One of my new resources came in the form of a psychedelic journey consuming psilocybin mushrooms back in January. I will write about that experience some other time, but I’ll say for now that thanks to that experience, followed by receiving EMDR therapy from a very gifted therapist here in Portland, I am now free of pharmaceutical antidepressants for the first time in my adult life. (For those not familiar with Oregon’s new law, here’s a good place to start if you’d like to learn more. Thank you, Nathan Howard.)
PRO TIP: Next weekend’s Love Oregon festival also includes workshops about psilocybin in Oregon and other healing modalities. Here’s the full schedule. Hope to see you there!
It’s stunning, really, to experience such deep healing, and I feel compelled to share one specific story to highlight just how truly transformative this experience has been for me.
In 2009 when I was experiencing suicidality (likely due to a horrible concoction of prescribed medications that were making me worse, not better), I forced myself go to the Hawthorne Street Fair — held the last weekend of August every year — to get out of the house and to be around people, instead of isolating in fear. I don’t remember what happened there. Nothing in particular, I’m sure. I walked around and checked out the food and artisan booths, just like everyone else did that day. But because I was experiencing a mental health crisis at the time, my memory of the Hawthorne Street Fair has always been full of fear. Ever since then, I would be overcome with dizziness or nausea when seeing posters for the upcoming Hawthorne Street Fair. Classic PTSD symptoms.
This year, not only was I completely unfazed by my state rep’s invitation to come say hi to him at the Hawthorne Street fair, I made a plan to attend. I thought it’d be good to re-experience this iconic neighborhood event with new eyes and a healing brain. If it hadn’t been for having such a delightful time in my backyard talking with friends all afternoon, I would have been there.

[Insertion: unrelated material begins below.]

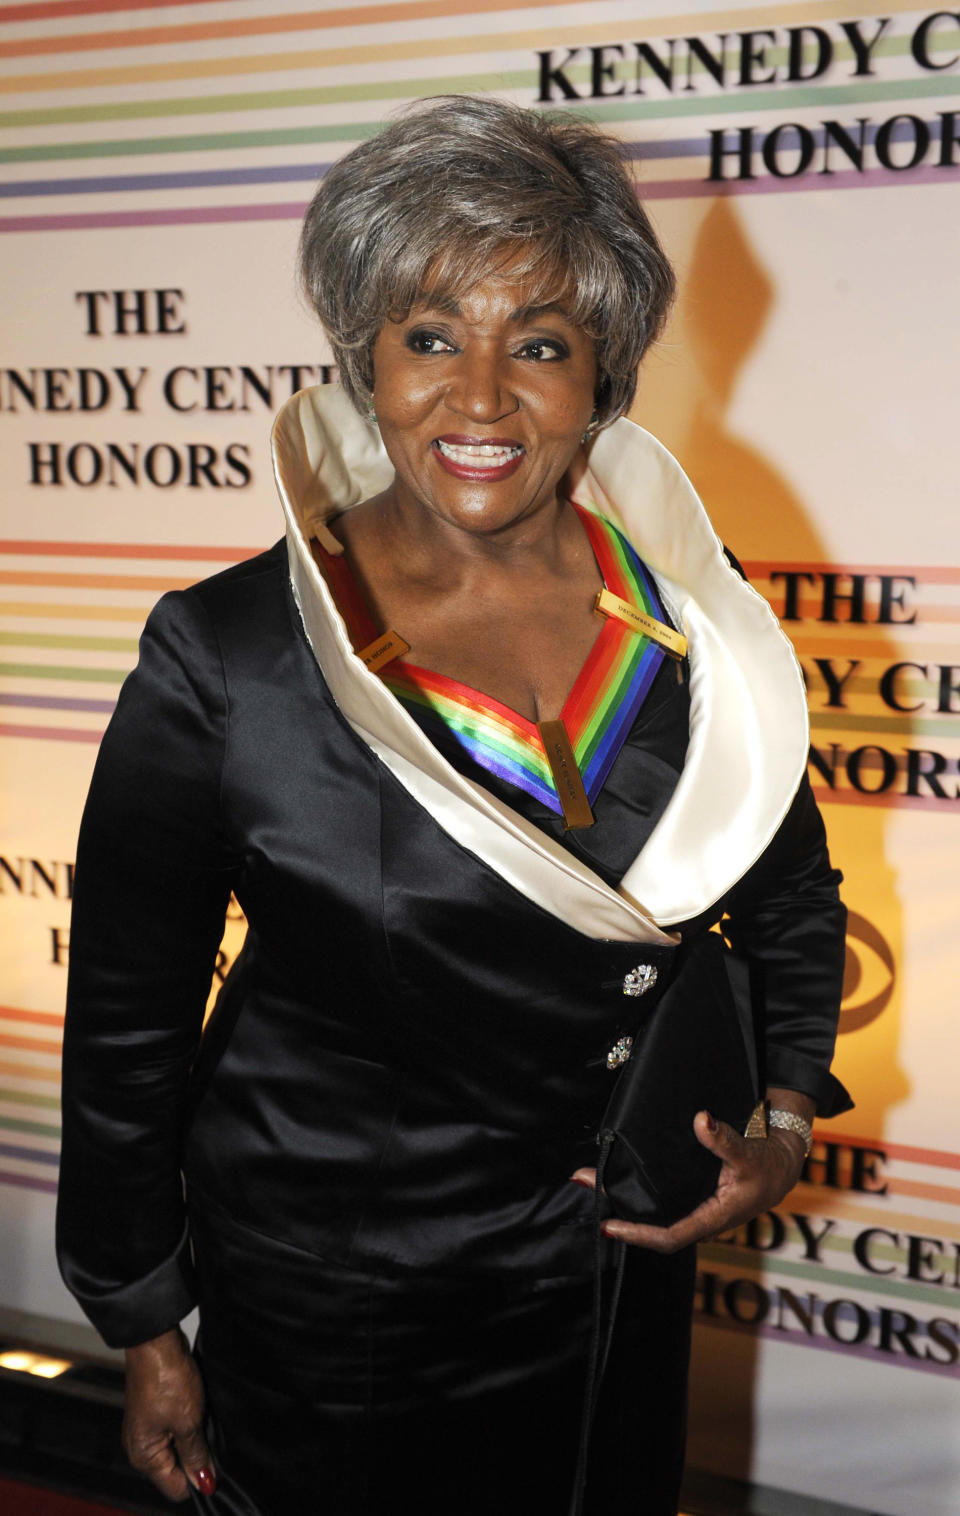 FILE - Kennedy Center honoree, opera singer Grace Bumbry, arrives at John F. Kennedy Center for the Performing Arts for the 2009 Kennedy Center Honors in Washington on Dec. 6, 2009. Bumbry, 86, a pioneering mezzo-soprano who became the first Black to sing at the Bayreuth Festival, died Sunday, May 7, 2023, at Evangelisches Krankenhaus, a hospital in Vienna, according to her publicist, David Lee Brewer. (AP Photo/Kevin Wolf, File)

It’s not lost on me that my opportunty to experience this level of deep healing is afforded to me by a level of economic privilege that is an outgrowth of when, where and to whom I was born. I’ll write about that another time, but suffice it to say that I’m very aware that others who have similar mental health challenges do not have the luxury of Time Off To Heal.
Instead, they struggle desperately because the economic system in which we all live our lives extracts so much from so many and rewards so few. Sadly, those few are represented by individuals who run toxic political campaigns that demonize the very people who are suffering at the hands of the economic system that writes their big checks that keep those toxic political campaigns going in your social media feeds, encouraging you to hate the victim instead of the system that created them.
Rather than getting the opportunity to heal, these economic refugees find their illnesses compounding upon one another, and they end up living in the streets of our city instead of the verdant backyard in which I gratefully find myself right now.
I will get back to work soon, informed by my experience of healing, empowered by gratitude and the love of so many truly kind and wonderful people who did not give up on me, and in service of those who haven’t had the same healing and celebratory opportunities I have been so fortunate to experience.
Home, that’s where I want to be….Never for money, always for love.